Description of the task:
Print the data below exactly as it stands, and keep the pictures out.

Data section:
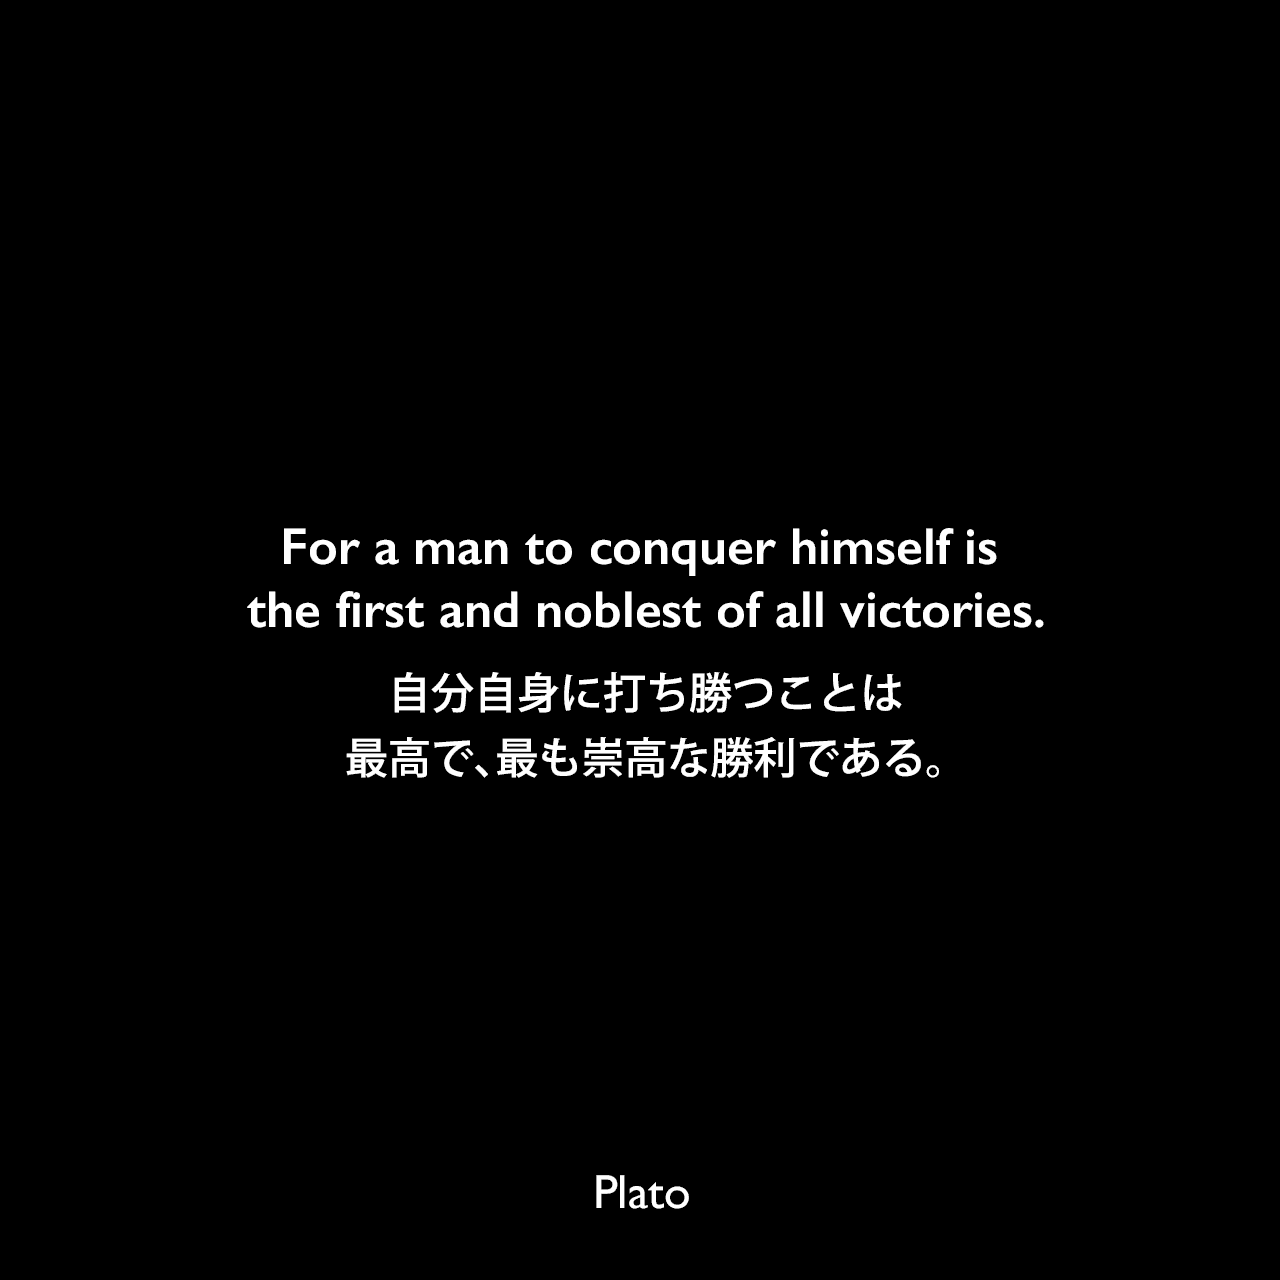 For a man to conquer himself is the first and noblest of all victories.自分自身に打ち勝つことは、最高で、最も崇高な勝利である。Plato
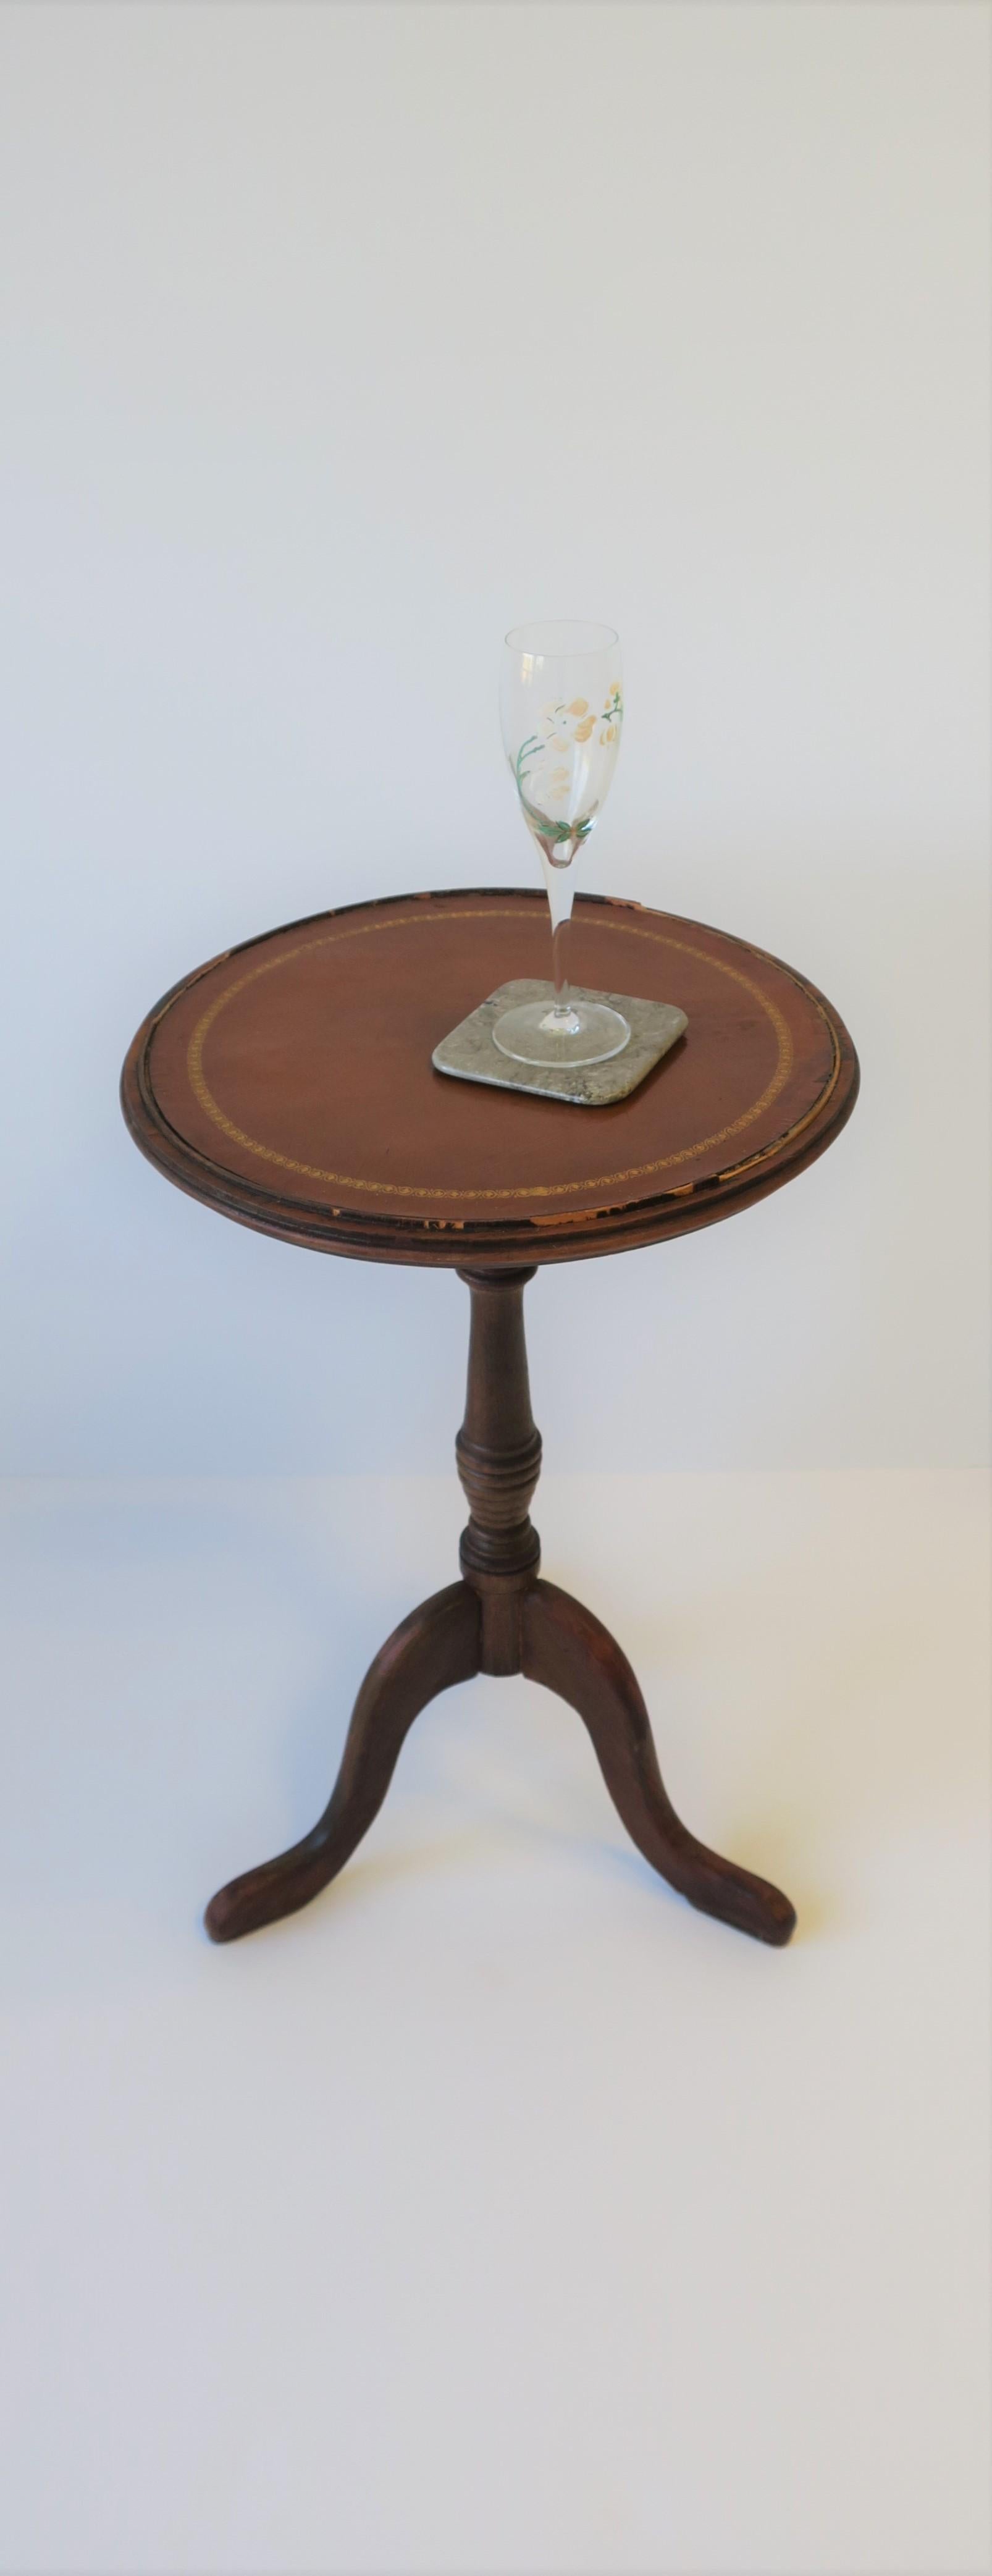 Euro Tripod Leather and Wood Side or Drinks Table 1
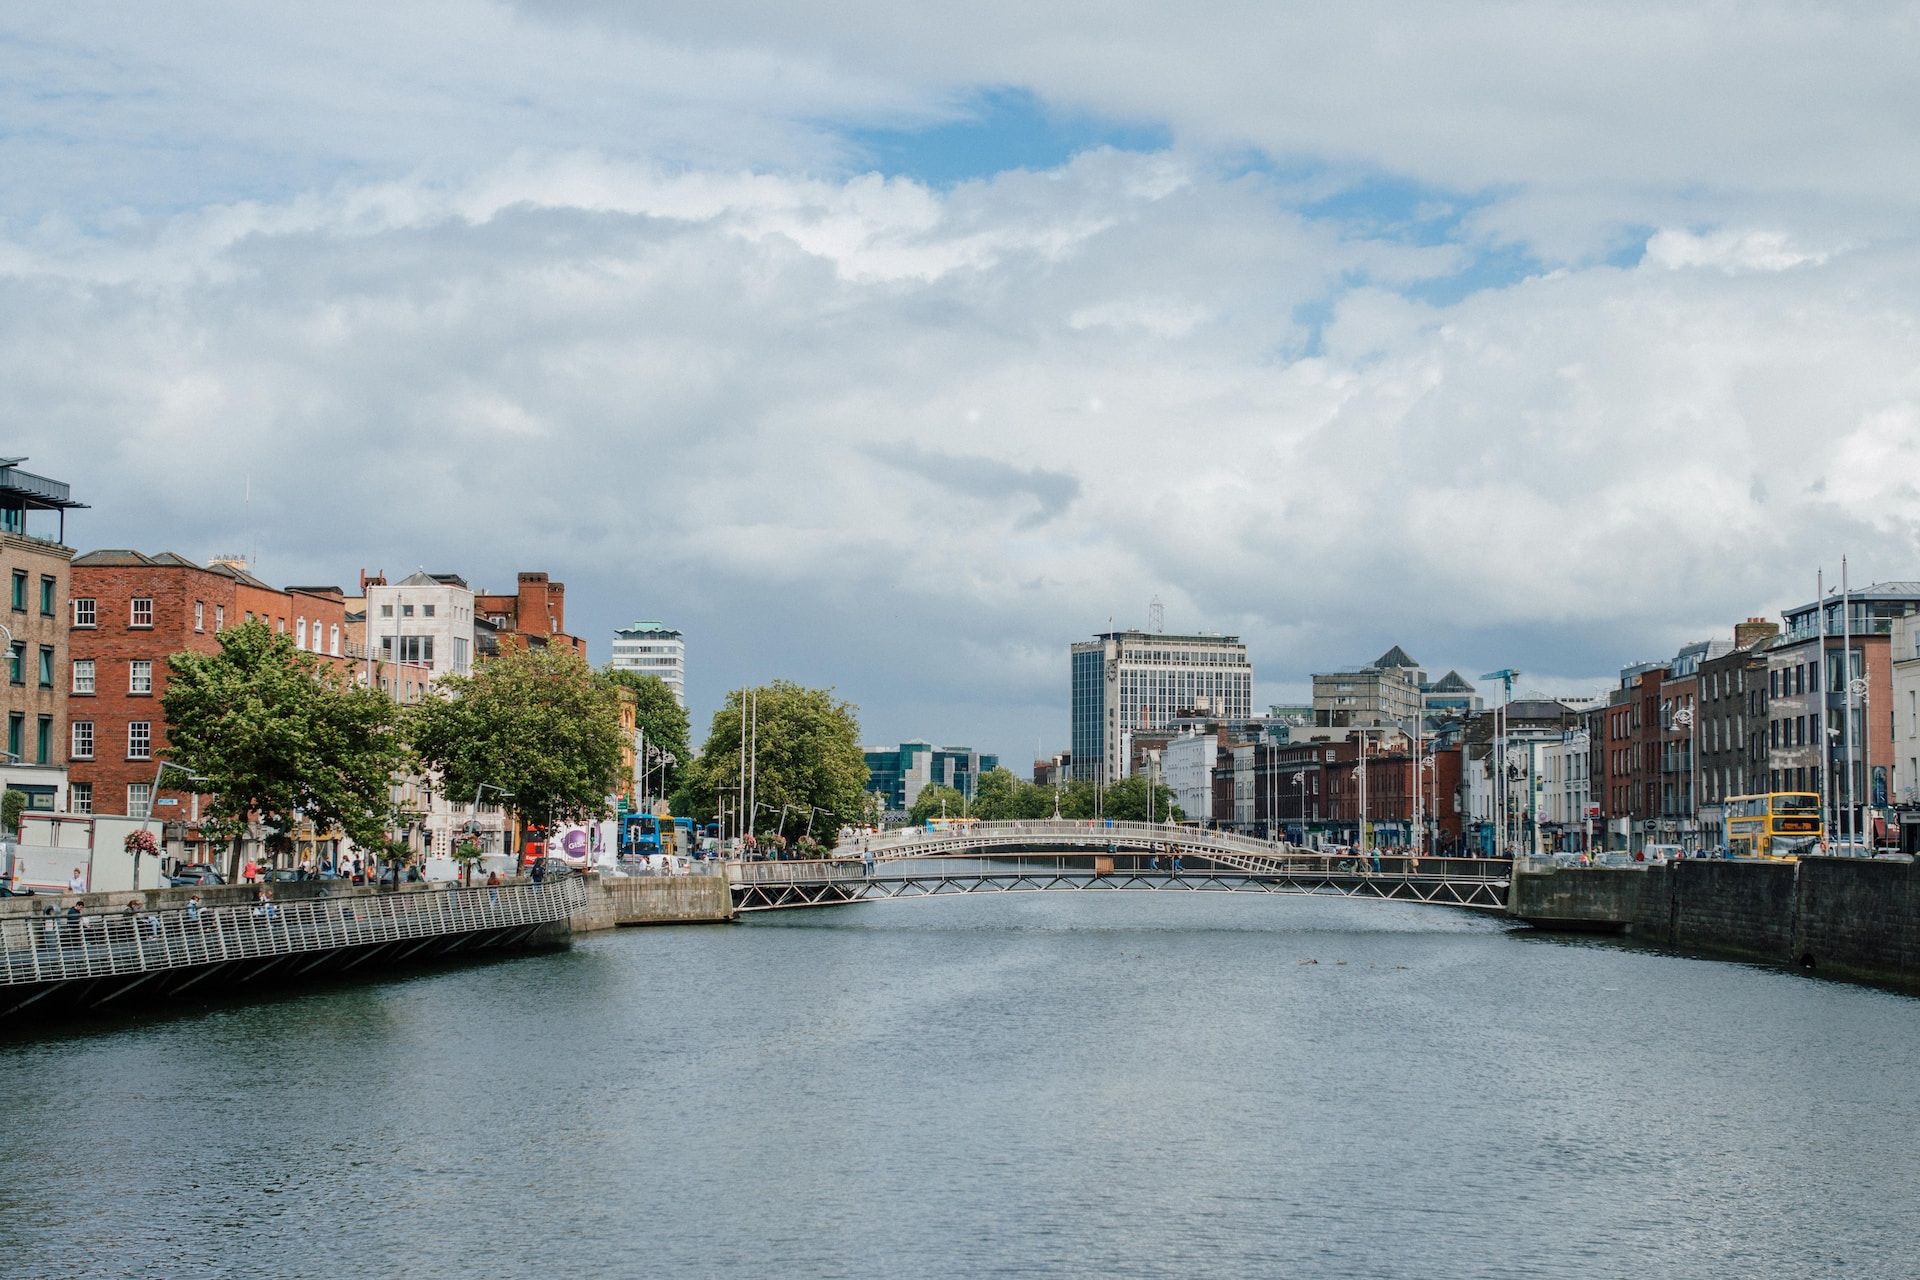 The Grand Canal Dock in Dublin
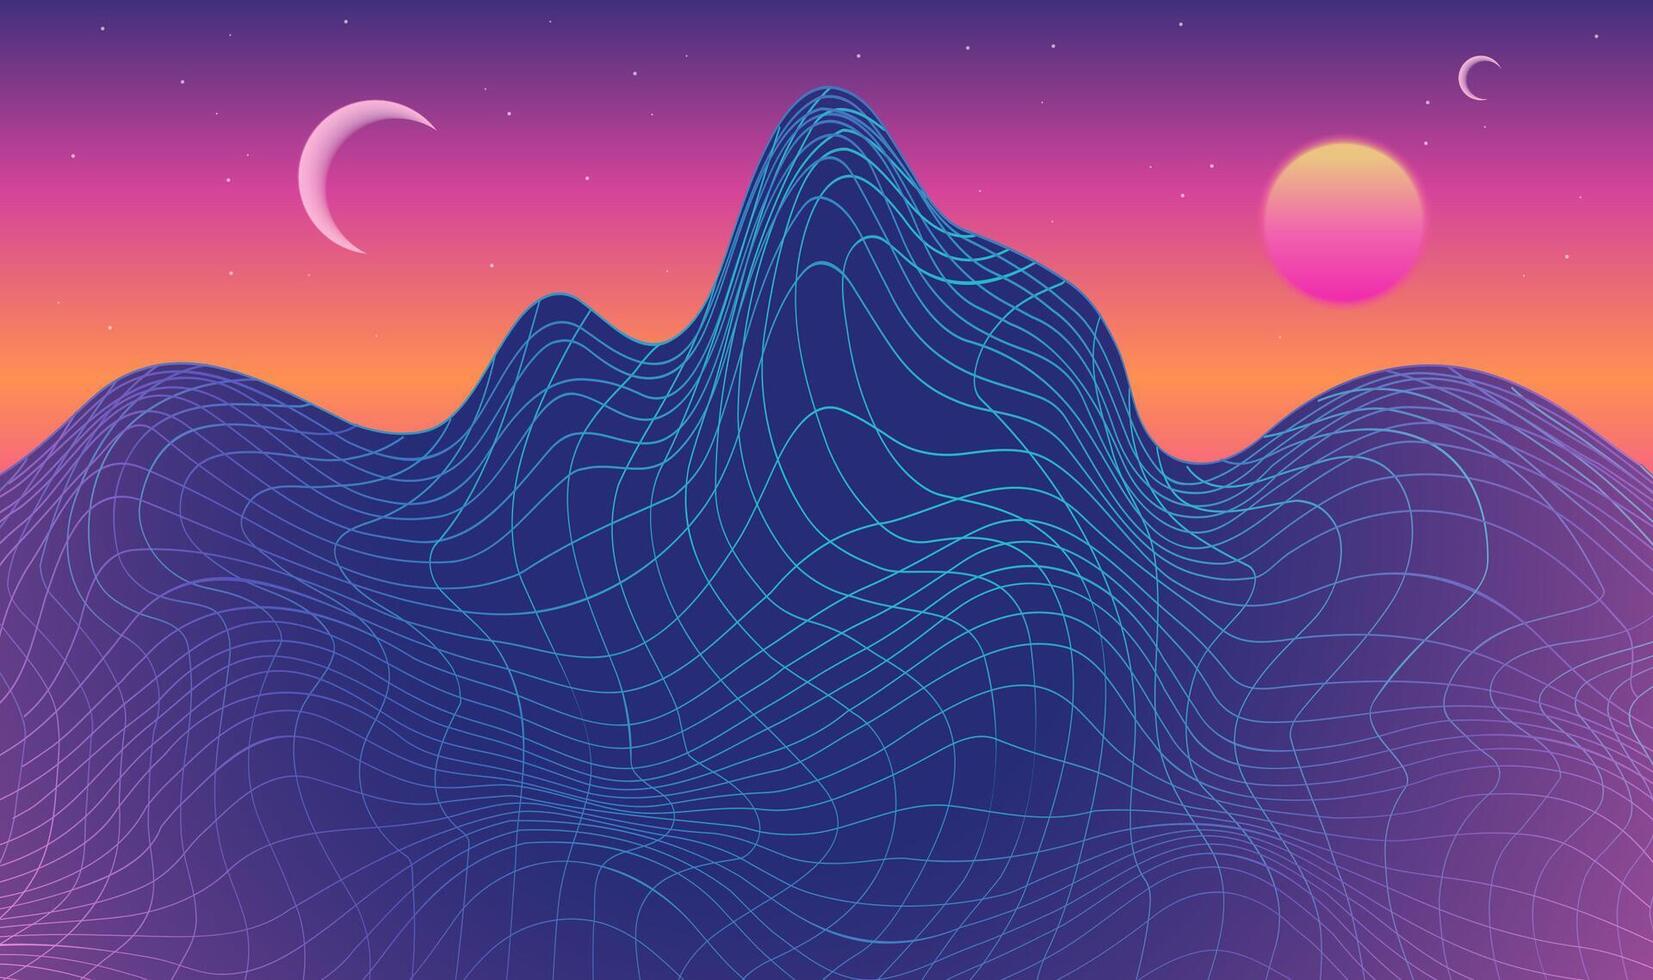 Vintage 80s synthwave styled landscape with blue grid mountains and sun over arcade space planet canyon. Vector illustration

Response area:
 For a man to conquer himself is the first and noblest of all victories.自分自身に打ち勝つことは、最高で、最も崇高な勝利である。Plato
 Euro Tripod Leather and Wood Side or Drinks Table 1
 The Grand Canal Dock in Dublin
 Vintage 80s synthwave styled landscape with blue grid mountains and sun over arcade space planet canyon. Vector illustration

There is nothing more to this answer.